Force feeding in Newcastle Gaol

Although most often associated with the treatment of suffragettes, force-feeding was also used more widely in prisons as a means of imposing discipline. A number of women supporting the suffrage movement went on hunger strike in Newcastle Gaol and were subjected to the ordeal of force feeding (for example, Lady Constance Lytton in 1909). However, what is less well-known is that some men held in the gaol during and after the First World War also underwent the ordeal of force feeding. These men were all Conscientious Objectors. 

The Military Service Act 1916 introduced compulsory military conscription for all single men aged between 18 and 41 who were not eligible for exemption. Conscientious Objectors could claim the right to refuse military service on a number of moral, ethical, political and/or religious grounds - and could put their case for exemption to a local Tribunal. There were around 16,000 conscientious objectors during the First World War. Most of these men accepted alternative civilian jobs to help the war effort or worked as stretcher-bearers in the army, for example.

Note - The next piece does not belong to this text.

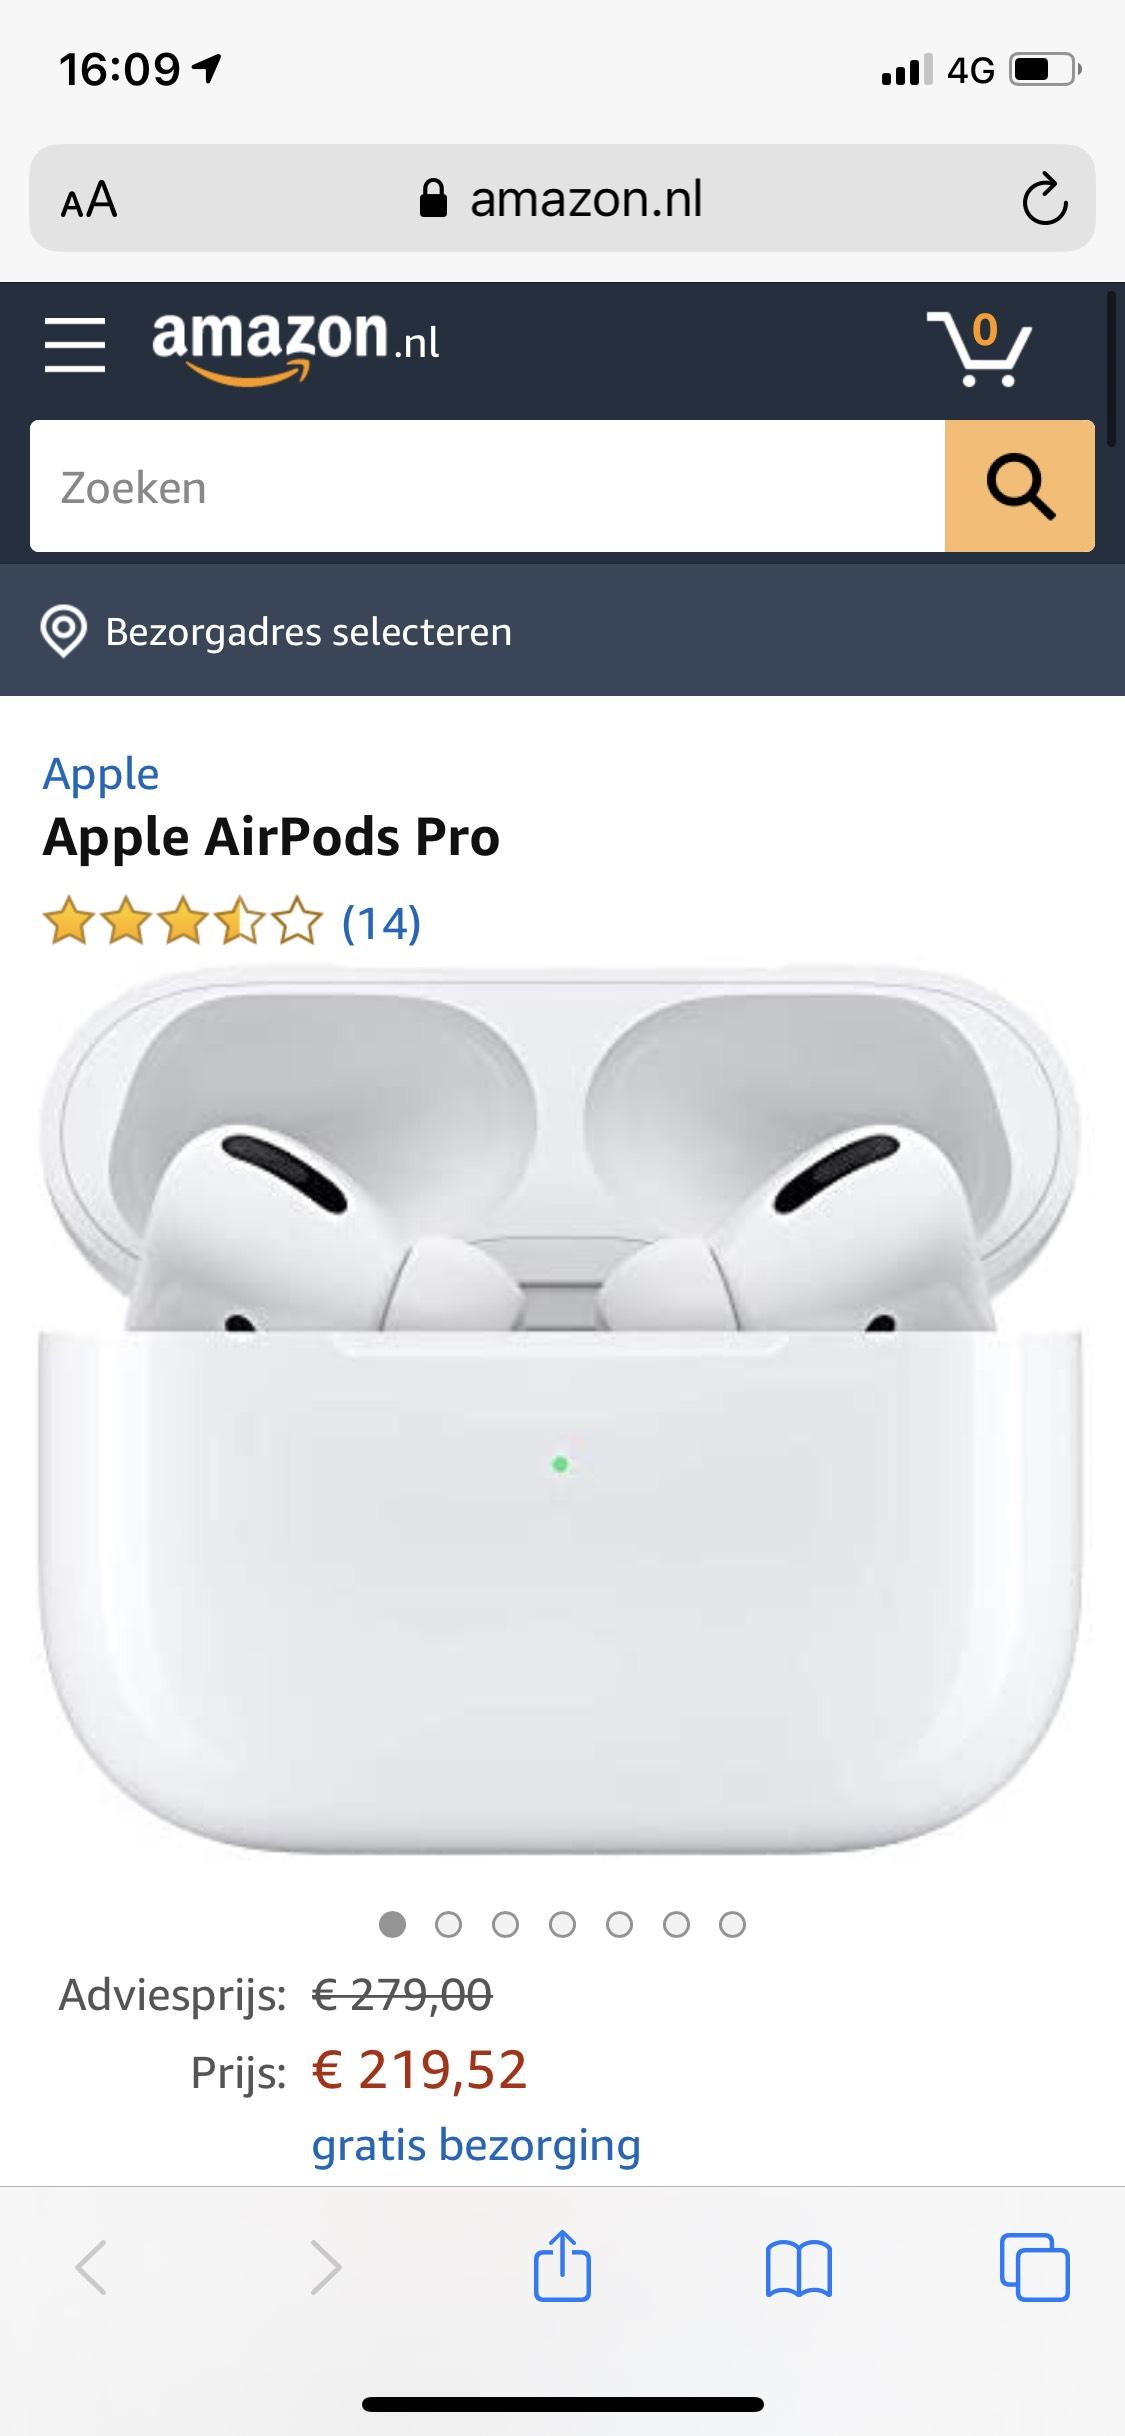 Apple AirPods Pro @Amazon.nl

However, around 6000 COs refused to compromise, and of these almost 1000 became known as ‘absolutists’. Although conscripted and classified as soldiers, the ‘absolutists’ refused to perform military service or to work in non-combatant roles of any sort, whether ‘economic, commercial, or other activities’, believing that this would amount to aiding the war effort. They were court-martialled, imprisoned, and released, only for the cycle to be repeated.

 

British conscription poster for the Military Service Act 1916. Source London: Parliamentary and Joint Labour Recruiting Committees. Image courtesy of Wikimedia Commons

 

A number of these men were held in Newcastle Gaol. One such man was John George ‘Jack’ Sadler. Sadler refused to be conscripted and applied to the Newcastle Local Tribunal for recognition as a conscientious objector, to exempt him from military service. When this was refused on 28 March 1916, he appealed and on 11 May 1916, the Northumberland Appeal Tribunal agreed that Sadler was a genuine conscientious objector but ordered him to get a civilian job involving 'work of national importance’. However, Sadler was an 'absolutist', believing that such work would in effect contribute to furthering the war, so claimed the right to be exempted absolutely from any service.  On 3 November 1916 Sadler was arrested at his house as an absentee from the Army. He was fined by Newcastle Magistrates’ Court and formally enlisted without his consent on 6 November 1916. On 7 November, he refused an order to wear Army uniform and was charged with the military offence of disobedience. An Army Court-Martial convicted him of disobedience and Sadler was sentenced to two years imprisonment with hard labour, with the sentence commuted to six months. Sadler served his sentence partly in Newcastle Prison, and partly in Wandsworth and Wormwood Scrubs Prisons, London.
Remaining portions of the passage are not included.